What to work on: An exact transcription of the lines below, from the first through the one containing "TIMBRES FISCAUX Sur", is the only output wanted.

*** Given data ***

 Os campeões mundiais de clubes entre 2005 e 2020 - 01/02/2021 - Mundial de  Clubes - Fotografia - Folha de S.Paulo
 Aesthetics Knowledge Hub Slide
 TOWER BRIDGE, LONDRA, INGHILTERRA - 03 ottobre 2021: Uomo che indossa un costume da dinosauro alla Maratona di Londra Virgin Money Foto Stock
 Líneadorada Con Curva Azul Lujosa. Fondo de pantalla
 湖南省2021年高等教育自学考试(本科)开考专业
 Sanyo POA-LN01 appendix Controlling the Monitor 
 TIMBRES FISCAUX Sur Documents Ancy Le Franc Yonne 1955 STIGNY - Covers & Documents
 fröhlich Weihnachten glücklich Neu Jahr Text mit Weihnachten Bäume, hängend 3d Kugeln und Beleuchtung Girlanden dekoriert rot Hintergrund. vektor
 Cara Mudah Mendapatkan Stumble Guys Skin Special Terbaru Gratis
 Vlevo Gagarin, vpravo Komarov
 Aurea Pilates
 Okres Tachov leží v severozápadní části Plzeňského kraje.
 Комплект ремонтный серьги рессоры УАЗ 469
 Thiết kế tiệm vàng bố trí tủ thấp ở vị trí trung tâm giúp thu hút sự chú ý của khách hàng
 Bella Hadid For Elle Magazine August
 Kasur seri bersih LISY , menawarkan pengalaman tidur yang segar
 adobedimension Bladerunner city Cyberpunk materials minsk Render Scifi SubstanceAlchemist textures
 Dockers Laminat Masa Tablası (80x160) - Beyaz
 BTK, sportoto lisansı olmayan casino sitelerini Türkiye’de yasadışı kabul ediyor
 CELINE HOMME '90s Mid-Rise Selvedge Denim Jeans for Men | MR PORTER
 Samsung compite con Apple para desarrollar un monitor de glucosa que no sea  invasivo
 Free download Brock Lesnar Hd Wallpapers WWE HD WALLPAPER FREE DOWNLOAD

***

Answer box:
 Os campeões mundiais de clubes entre 2005 e 2020 - 01/02/2021 - Mundial de  Clubes - Fotografia - Folha de S.Paulo
 Aesthetics Knowledge Hub Slide
 TOWER BRIDGE, LONDRA, INGHILTERRA - 03 ottobre 2021: Uomo che indossa un costume da dinosauro alla Maratona di Londra Virgin Money Foto Stock
 Líneadorada Con Curva Azul Lujosa. Fondo de pantalla
 湖南省2021年高等教育自学考试(本科)开考专业
 Sanyo POA-LN01 appendix Controlling the Monitor 
 TIMBRES FISCAUX Sur Documents Ancy Le Franc Yonne 1955 STIGNY - Covers & Documents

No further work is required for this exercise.